- The Washington Times - Monday, January 20, 2003

LONDON Saddam Hussein hailed the anti-war demonstrations in the United States during the weekend as proof that Americans back Iraq rather than President Bush.
Further pressure to head off a war came from Pope John Paul II, who gathered leaders of the world's largest religions in the Vatican and issued a joint condemnation of any war on Iraq.
"They are supporting you because they know that evildoers target Iraq to silence any dissenting voice to their evil and destructive policies," Saddam told senior officers, including his son Qusay, commander of the elite Republican Guard.
A group called Act Now to Stop War and End Racism, which organized the Washington rally, claimed that 500,000 people showed up, which would make it the biggest protest since the Vietnam War.
But police estimates ranged from 100,000 to 200,000, and there were few speakers from the mainstream of the Democratic Party, let alone Republicans.

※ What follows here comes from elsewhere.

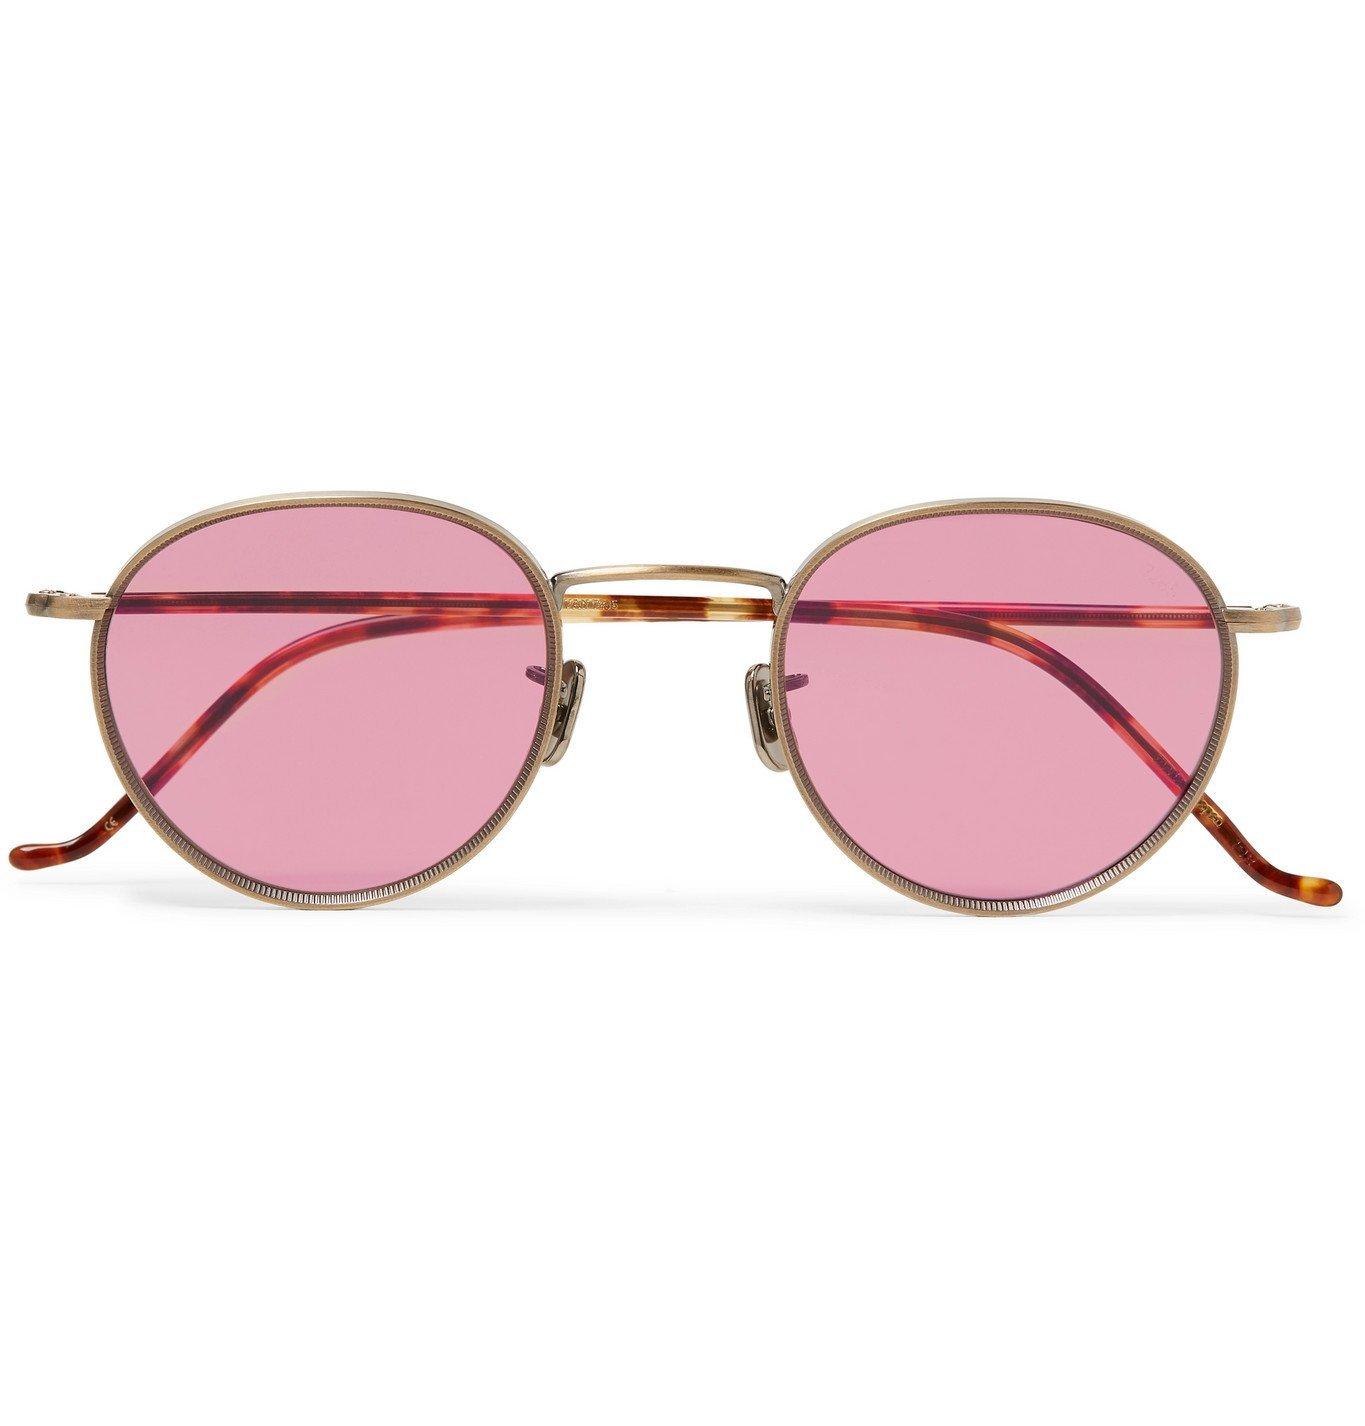 Photo: Eyevan 7285 - Round-Frame Gold-Tone Titanium and Tortoiseshell Acetate Sunglasses - Gold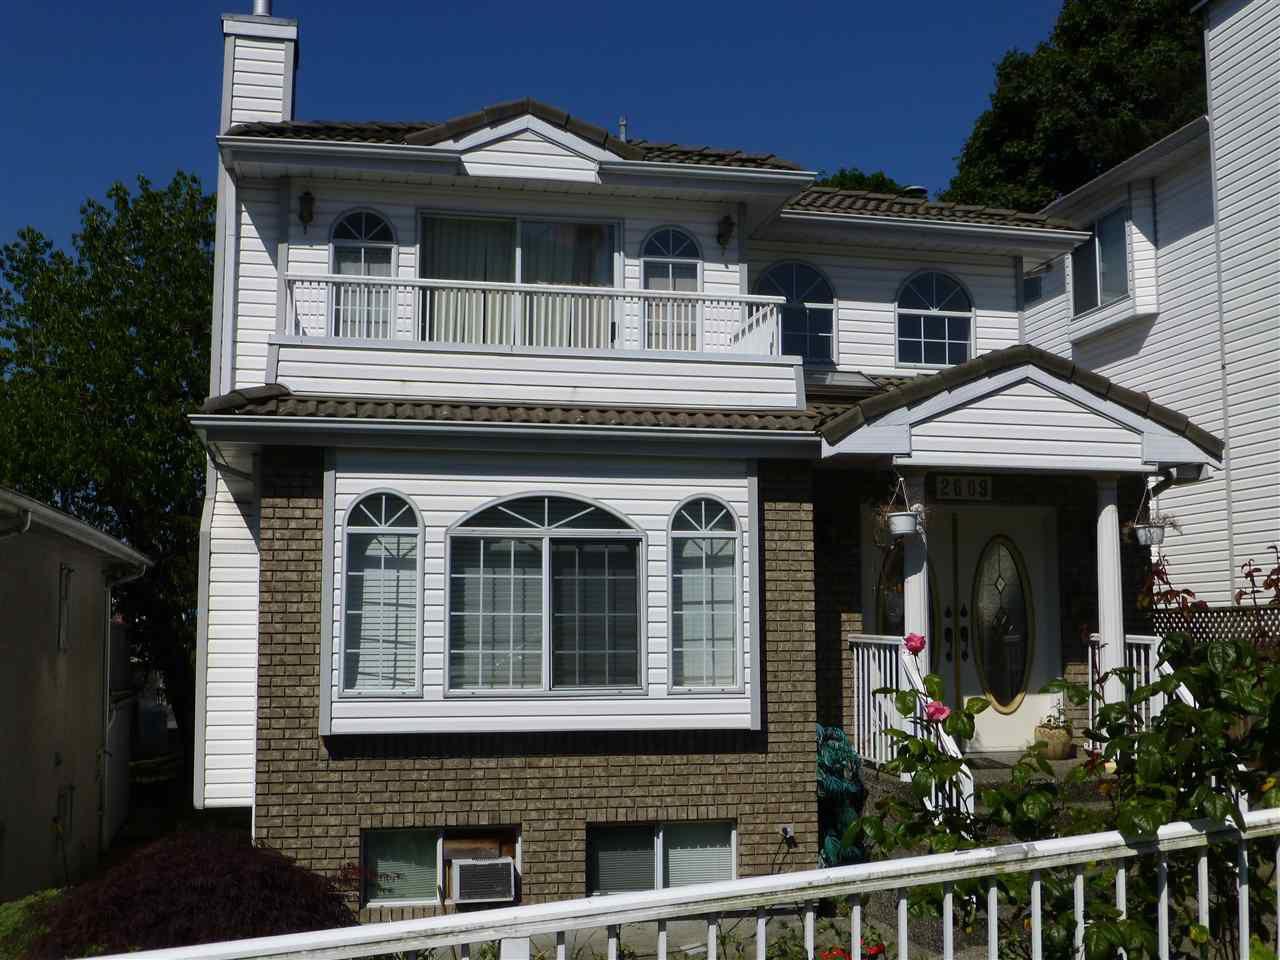 Main Photo: 2609 RENFREW Street in Vancouver: Renfrew VE House for sale (Vancouver East)  : MLS®# R2067595

It was part of a weekend of global protests, with demonstrations in Moscow, Paris, Berlin, Cairo and Damascus, Syria. Most polls show that roughly 60 percent of Americans favor military action. The conclave in the Vatican included 38 religious leaders from 15 countries and drew together faiths as diverse as Buddhism, Islam and Sikhism.
They called for "diplomacy and persuasion" in the Middle East and said: "Opting for peace does not mean a passive acquiescence to evil or compromise of principle. It demands an active struggle against hatred, oppression and disunity, but not by using methods of violence."
The pope has been a vocal critic of U.S. policy toward Iraq. He has publicly attacked sanctions imposed on Iraq and made clear that the Roman Catholic Church will not regard any conflict as just.